Da der Ausschuss sich bereits in seinen Stellungnahmen CES4013-2013_00_00_TRA_AC vom 16. Oktober 2013 (1) und CES 1331/88 vom 14. Dezember 1988 (2) zu dem Inhalt dieses Vorschlags geäußert hat, beschloss er auf seiner 497. Plenartagung am 25./26. März 2014 (Sitzung vom 25. März) mit 139 gegen 3 Stimmen bei 17 Enthaltungen, von der Ausarbeitung einer neuen Stellungnahme abzusehen und auf den Standpunkt zu verweisen, den er in den oben genannten Stellungnahmen vertreten hat.

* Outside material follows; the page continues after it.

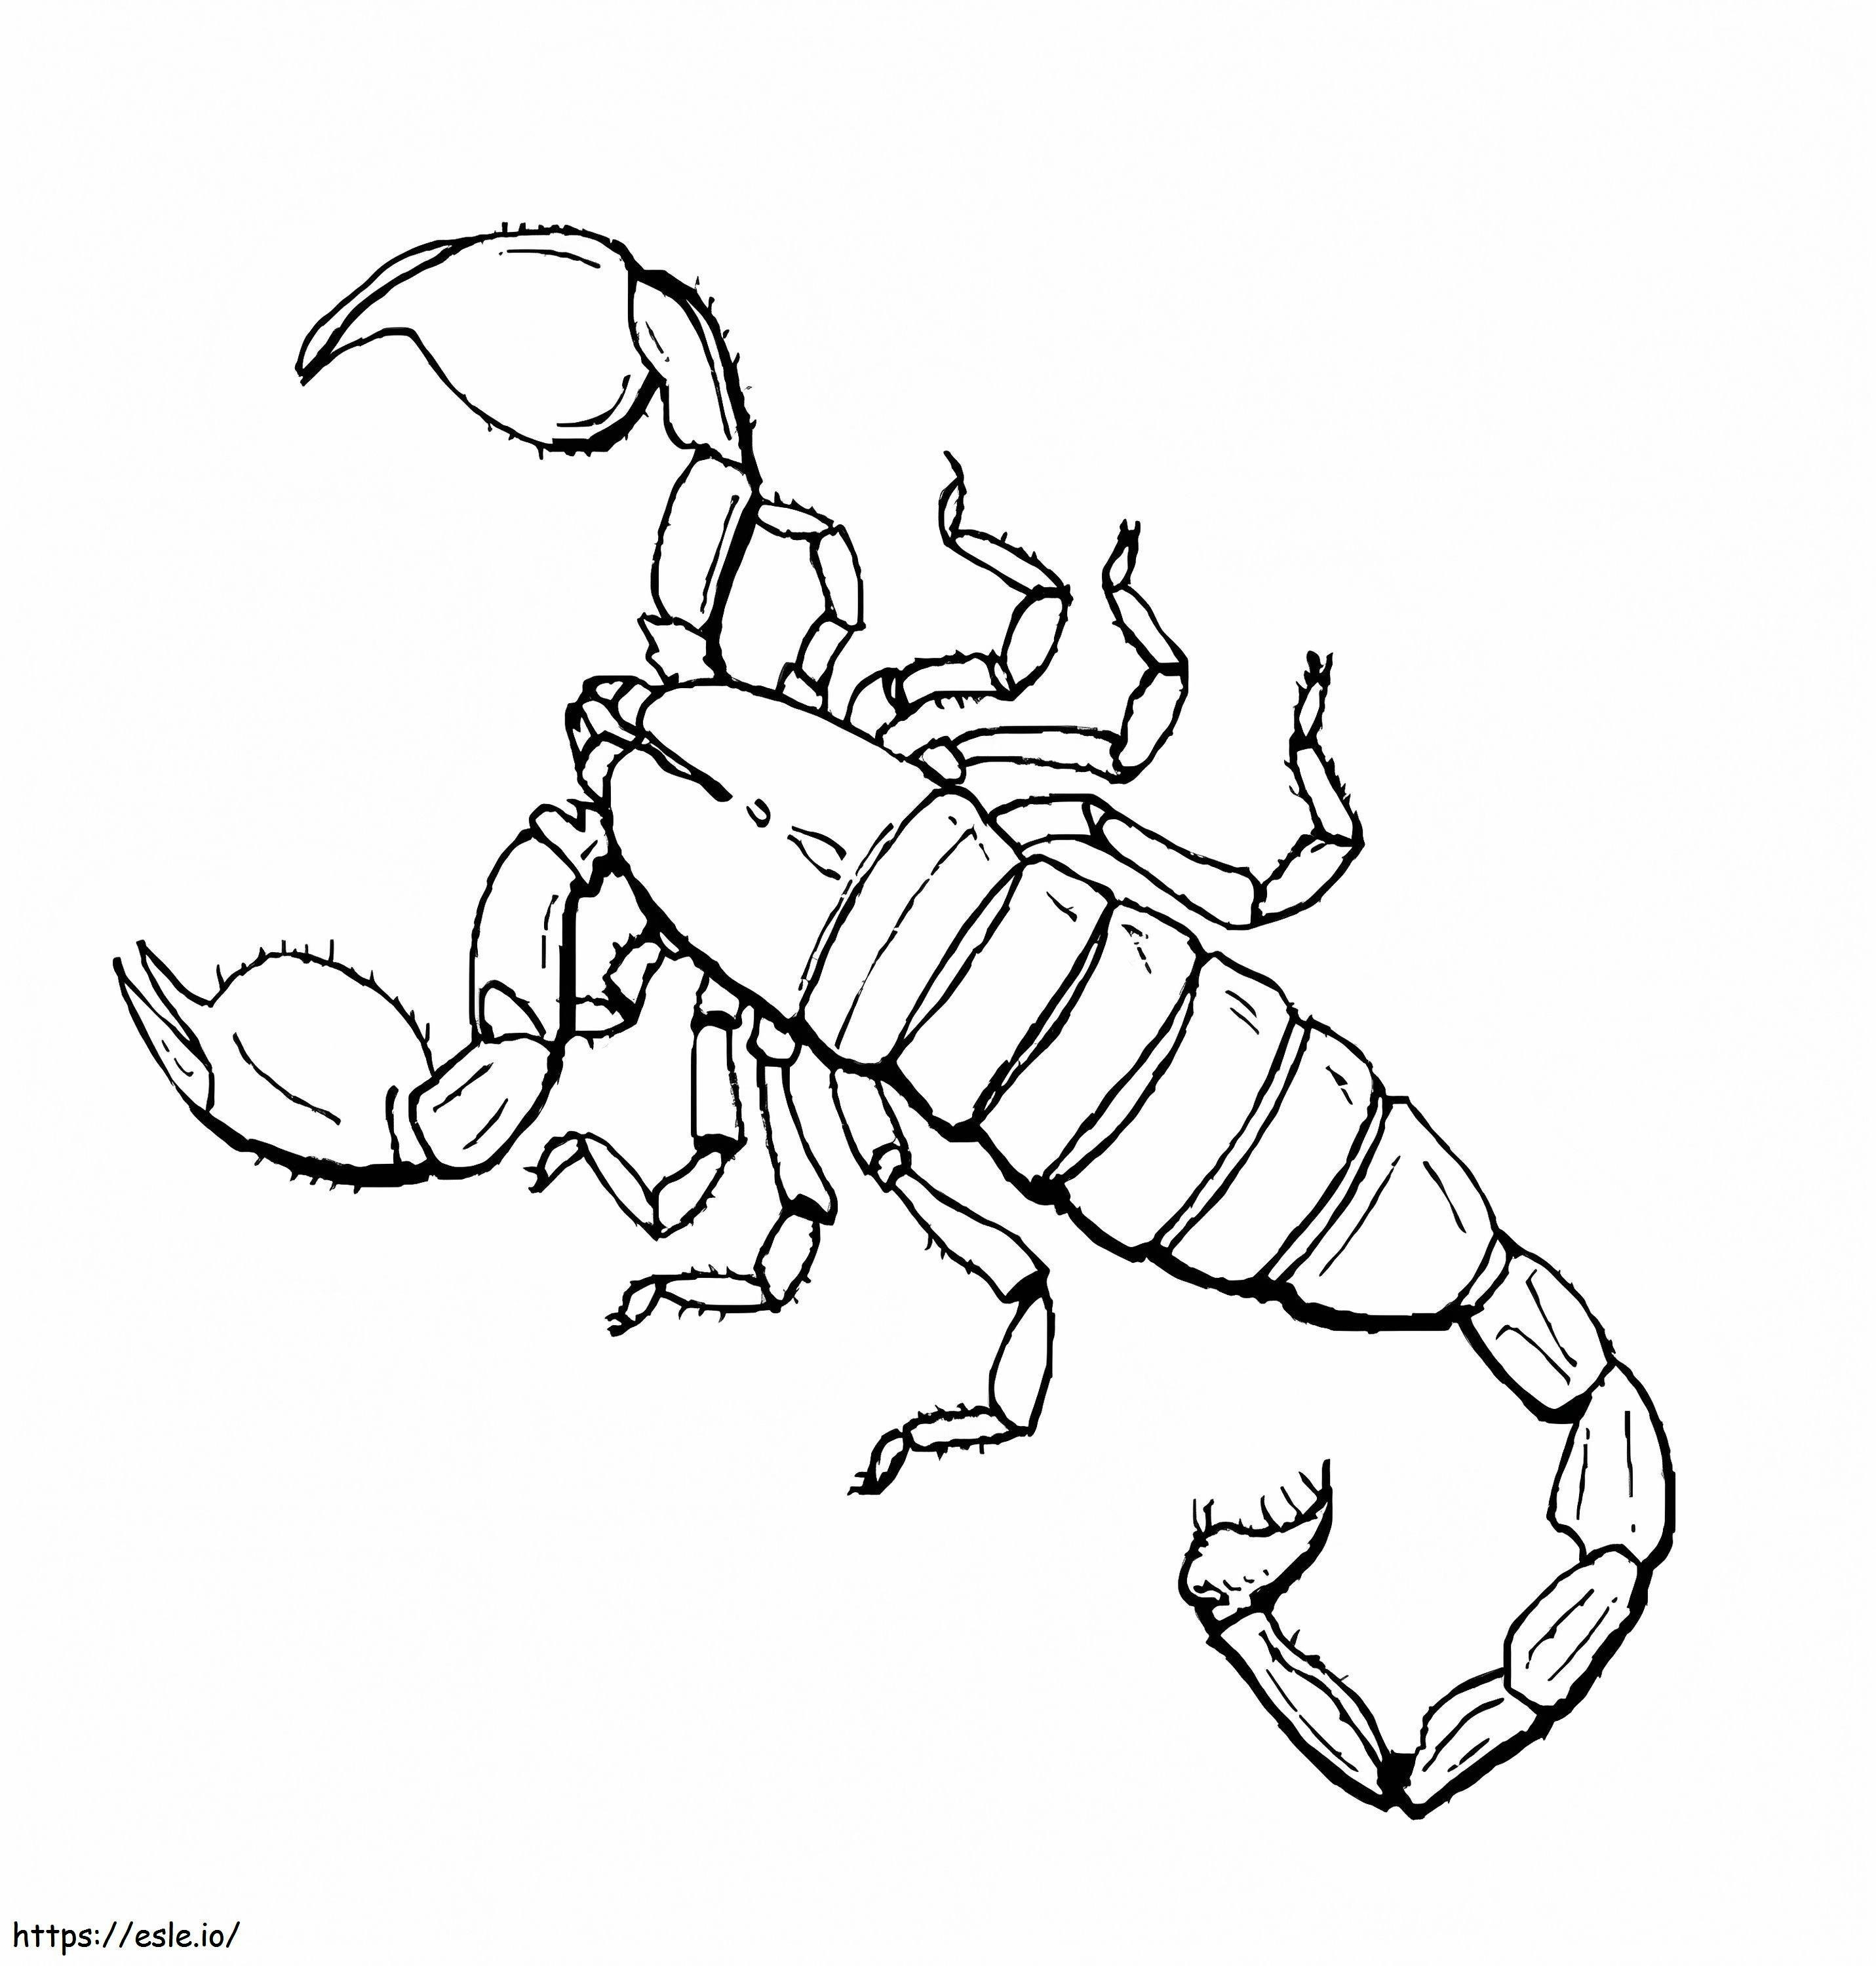 Skorpion 12 ausmalbilder
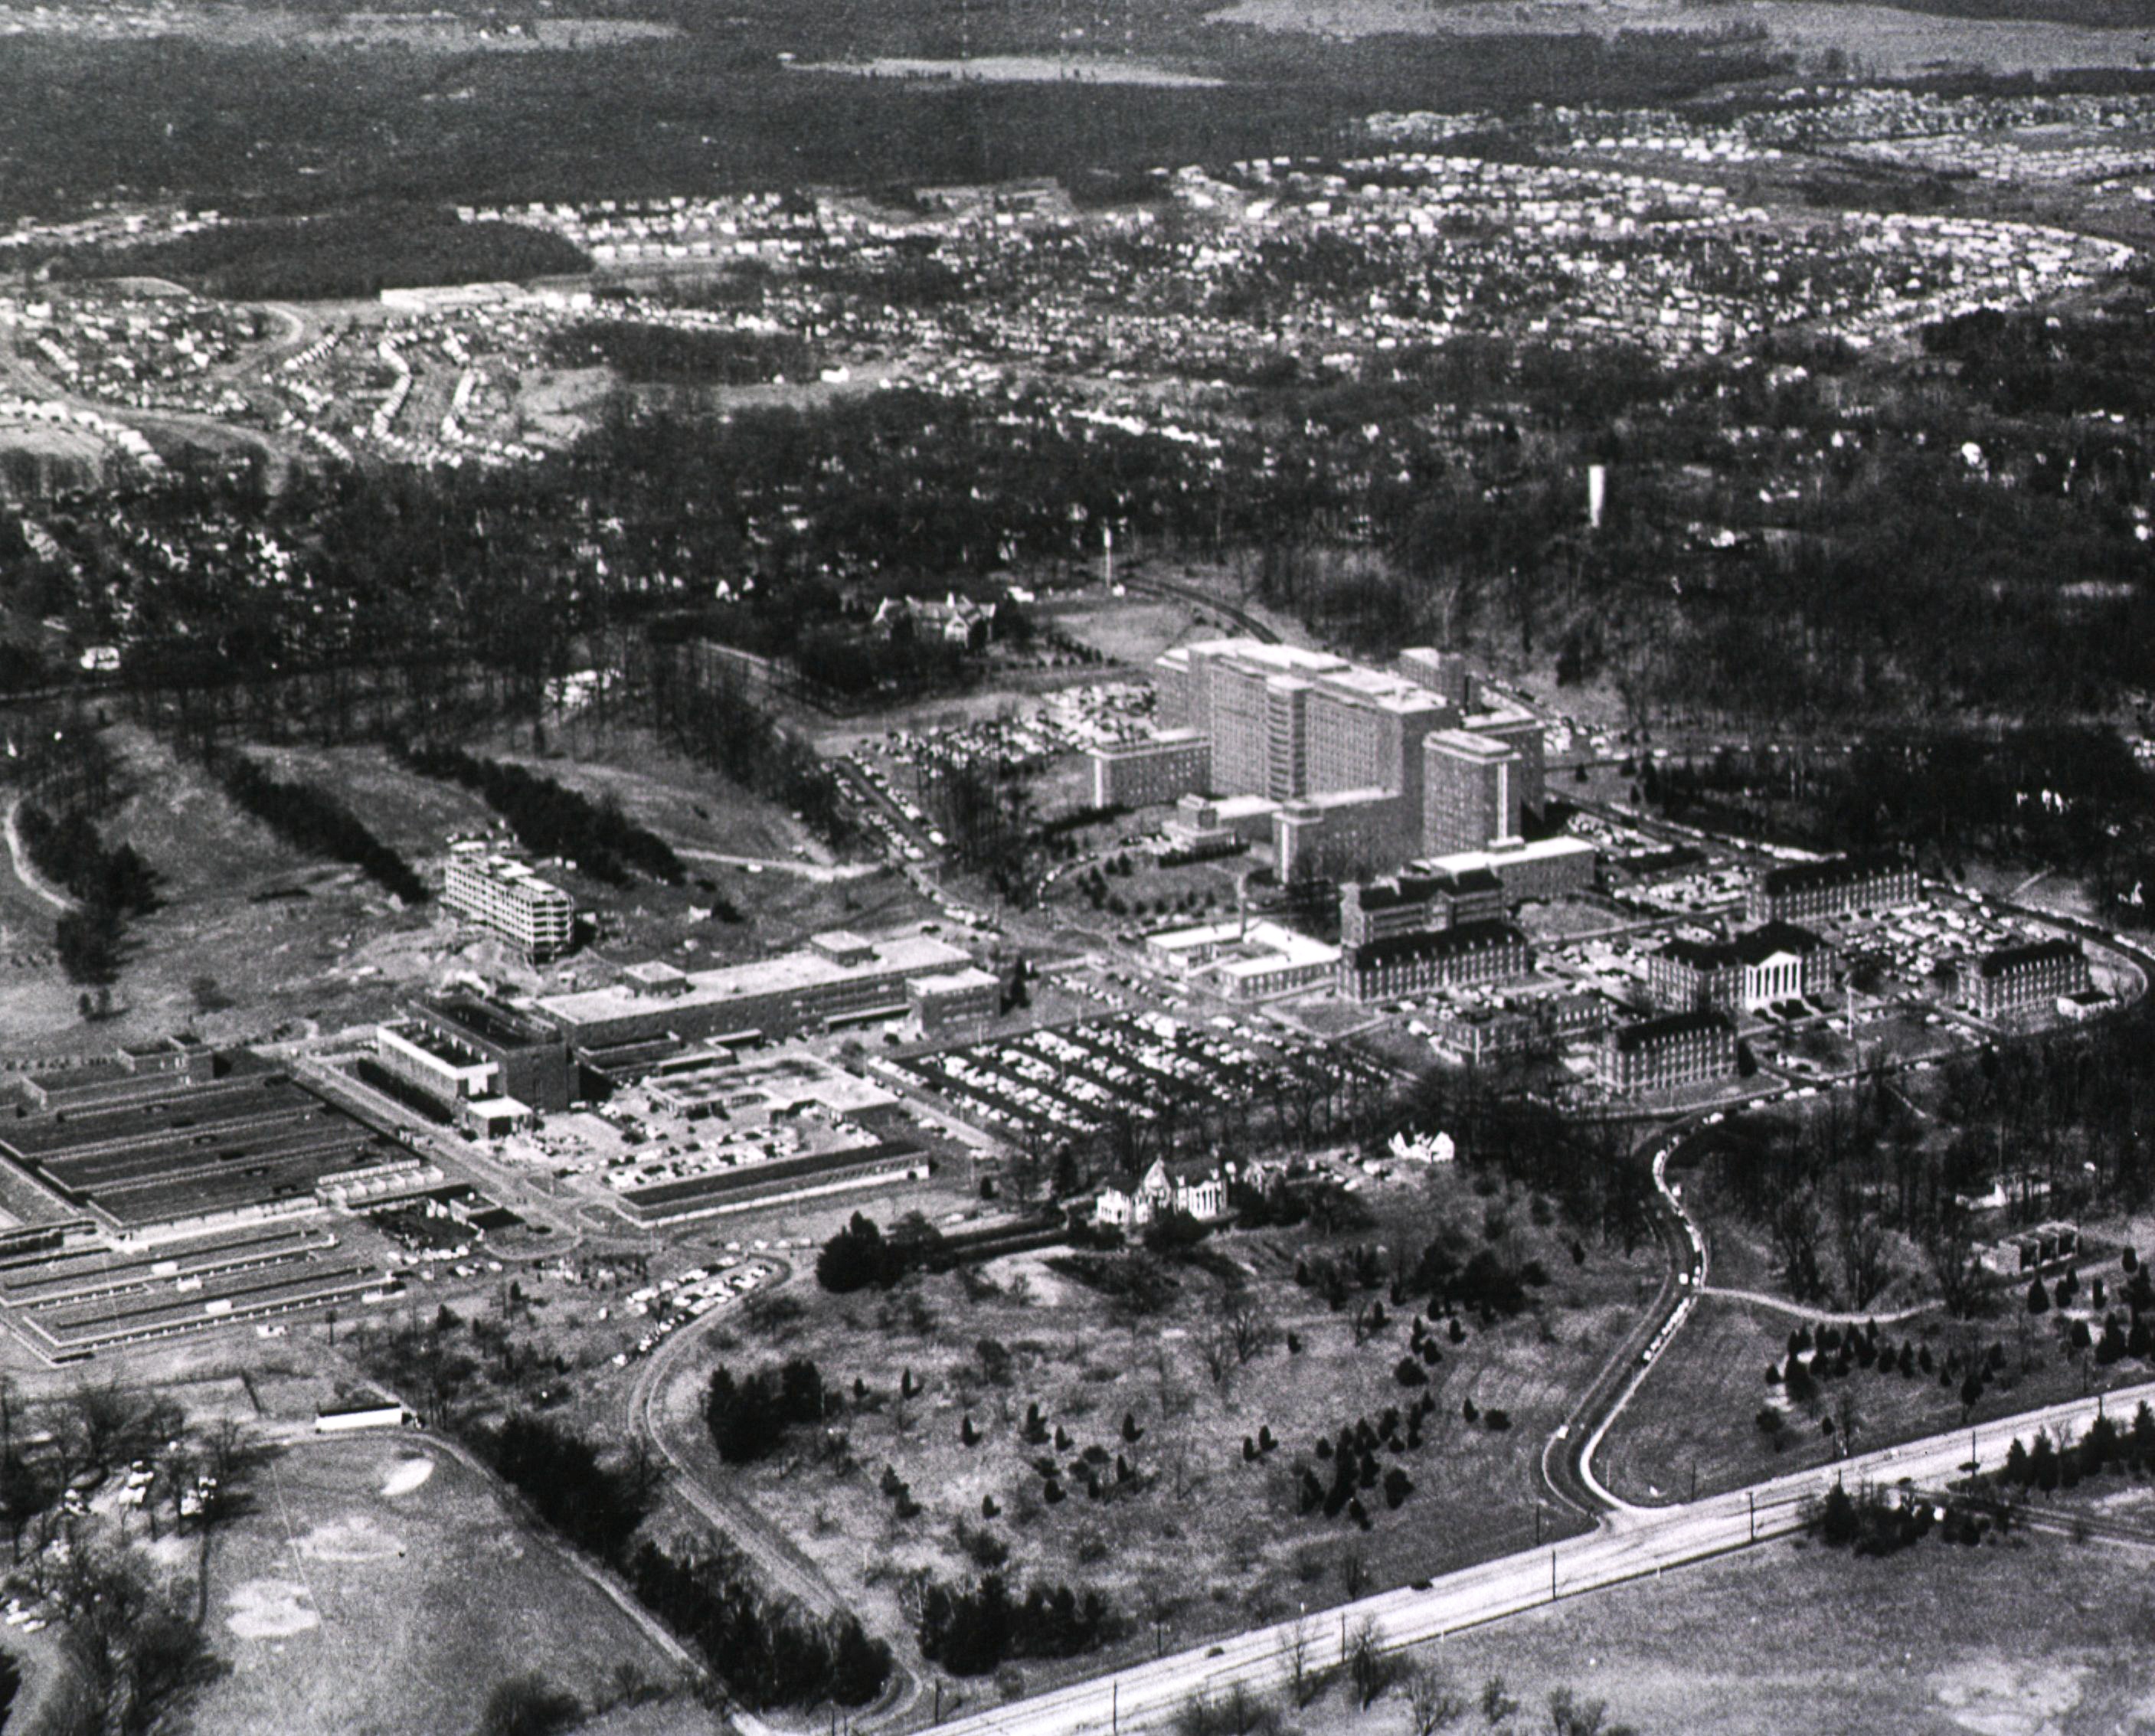 Aerial Image of the NIH campus taken around 1960

Brüssel, den 25. März 2014
Der Präsident des Europäischen Wirtschafts- und Sozialausschusses
Henri MALOSSE
(1) Stellungnahme des EWSA im Dossier NAT/611 zu dem Vorschlag für eine Verordnung des Europäischen Parlaments und des Rates über amtliche Kontrollen und andere amtliche Tätigkeiten zur Gewährleistung der Anwendung des Lebens- und Futtermittelrechts und der Vorschriften über Tiergesundheit und Tierschutz, Pflanzengesundheit, Pflanzenvermehrungsmaterial und Pflanzenschutzmittel sowie zur Änderung der Verordnungen (EG) Nr. 999/2001, (EG) Nr. 1829/2003, (EG) Nr. 1831/2003, (EG) Nr. 1/2005, (EG) Nr. 396/2005, (EG) Nr. 834/2007, (EG) Nr. 1069/2009, (EG) Nr. 1099/2009 und (EG) Nr. 1107/2009, der Verordnungen (EU) Nr. 1151/2012 und (EU) Nr. […]/2013 und der Richtlinien 98/58/EG, 1999/74/EG, 2007/43/EG, 2008/119/EG, 2008/120/EG und 2009/128/EG (Verordnung über amtliche Kontrollen) und zu dem Vorschlag für eine Verordnung des Europäischen Parlaments und des Rates mit Bestimmungen für die Verwaltung der Ausgaben in den Bereichen Lebensmittelkette, Tiergesundheit und Tierschutz sowie Pflanzengesundheit und Pflanzenvermehrungsmaterial, zur Änderung der Richtlinien des Rates 98/56/EG, 2000/29/EG und 2008/90/EG, der Verordnungen (EG) Nr. 178/2002, (EG) Nr. 882/2004 und (EG) Nr. 396/2005, der Richtlinie 2009/128/EG sowie der Verordnung (EG) Nr. 1107/2009 und zur Aufhebung der Entscheidungen des Rates 66/399/EWG, 76/894/EWG und 2009/470/EG, ABl. C 67 vom 6.3.2014, S. 166.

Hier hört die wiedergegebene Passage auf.